Petitioners Ben and Ruth Lichtman are husband and wife, residing in University Heights, Ohio. Petitioners Alex and Charlotte Lichtman are husband and wife, residing in Cleveland, Ohio. Petitioners Morris and Tillie Lichtman are husband and wife, residing in Cleveland Heights, Ohio. They all filed joint Federal income tax returns for the taxable year 1958 with the district director of internal revenue at Cleveland, Ohio. Ben, Alex, and Morris are brothers. Since the wife of each is a party to this proceeding only because she and her husband filed joint income tax returns for the years in issue, only the brothers will be referred to hereafter as the petitioners.
Since 1933 petitioners have been successfully engaged in the general dry cleaning and laundry business. In 1939 they opened a retail outlet known as The East End Dry Cleaners and Dyers. Under the name Park Avenue Cleaners, several additional stores were opened in 1949. Petitioners incorporated a third dry cleaning business in April 1954 called Checker Cleaners. It owns and operates a central dry cleaning and laundry*54 plant that services its own retail dry cleaning and laundry stores, as well as the Park Avenue Cleaners retail stores. All three businesses operate in the greater Cleveland area.
On April 2, 1945, petitioners acquired a wholesale dry cleaning business by purchasing all the outstanding stock of the Dependable Cleaning Company, an Ohio corporation.
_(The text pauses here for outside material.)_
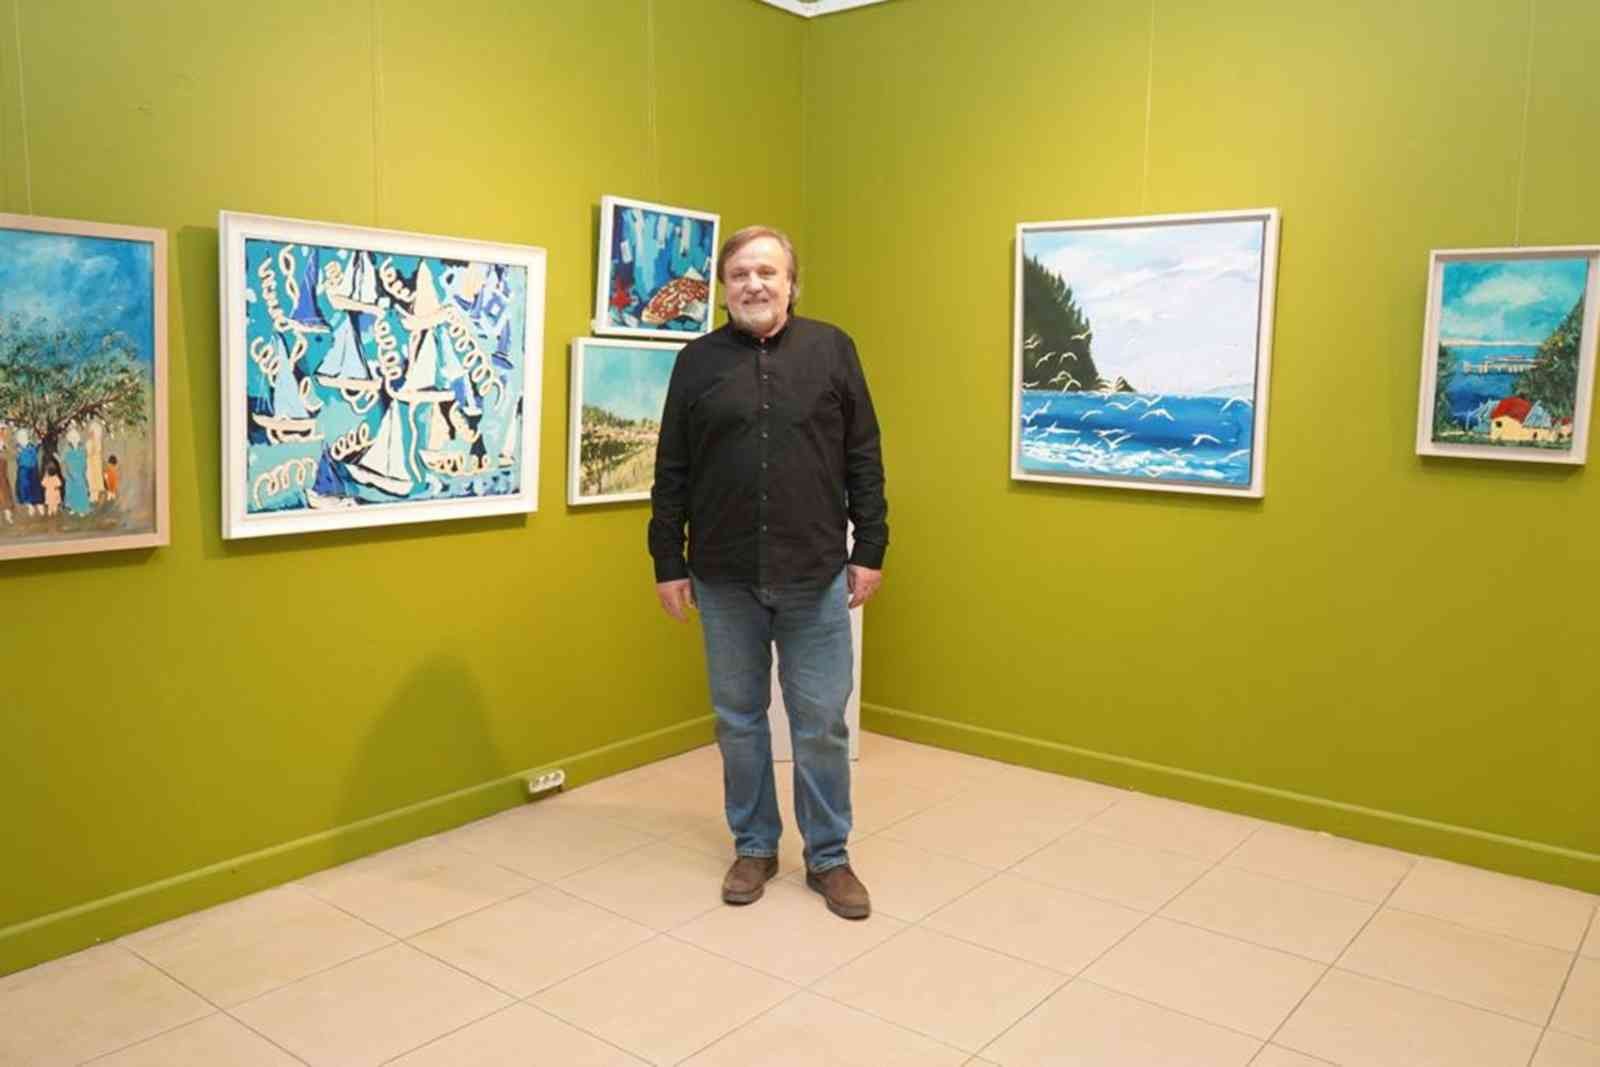 Ayvalık Belediyesi Sanat Galerisi Ressam Tayfun Önel’in “Renkler ve Lekeler” isimli resim sergisine ev sahipliği yapıyor. 8 Nisan akşamına kadar ...

This firm had been engaged exclusively in furnishing wholesale dry cleaning services since its incorporation in 1924. A wholesale operation in the dry cleaning industry is devoted to servicing independently owned retail outlets that accept dry cleaning from their customers and then send the work out to be done by those with proper facilities.
From 1945 through 1958 Dependable engaged in wholesale dry cleaning. It used its own equipment and trucks with commissioned drivers for pickup and delivery to its various retail outlet customers. In addition, "bobtail" drivers were serviced. A "bobtail" is an independent driver with his own route and customers who uses whatever wholesaler he chooses.
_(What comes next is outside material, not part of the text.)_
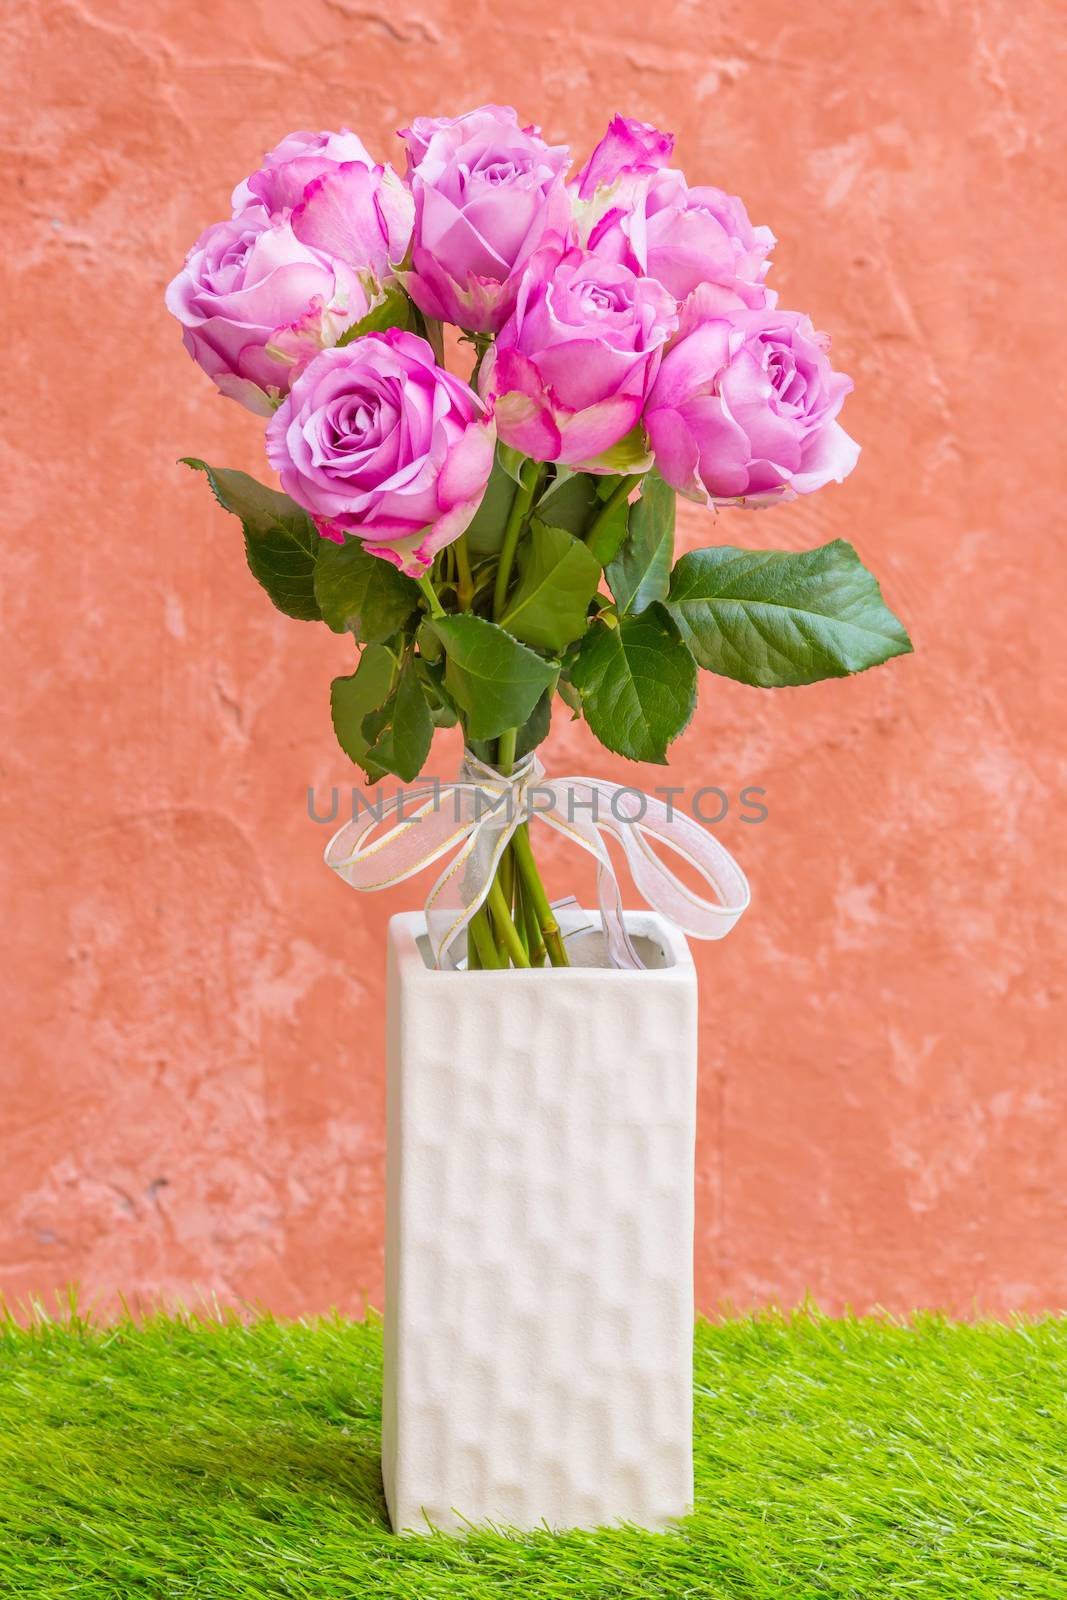 Violet rose in vase by smuay

The introduction of synthetic dry cleaning machines and self-operating coin units in the early 1950's led to a rapid decline in the wholesale dry*55 cleaning industry. In 1955 petitioners decided to find a buyer for Dependable and thereafter concentrate their efforts exclusively in the retail phase of the business. Several offers were explored during the next 3 years. Early in 1958 petitioners began negotiating with Sidney G. Paston who was already engaged in the wholesale dry cleaning business and who desired to buy up competitors so as to maintain his position in the Cleveland area.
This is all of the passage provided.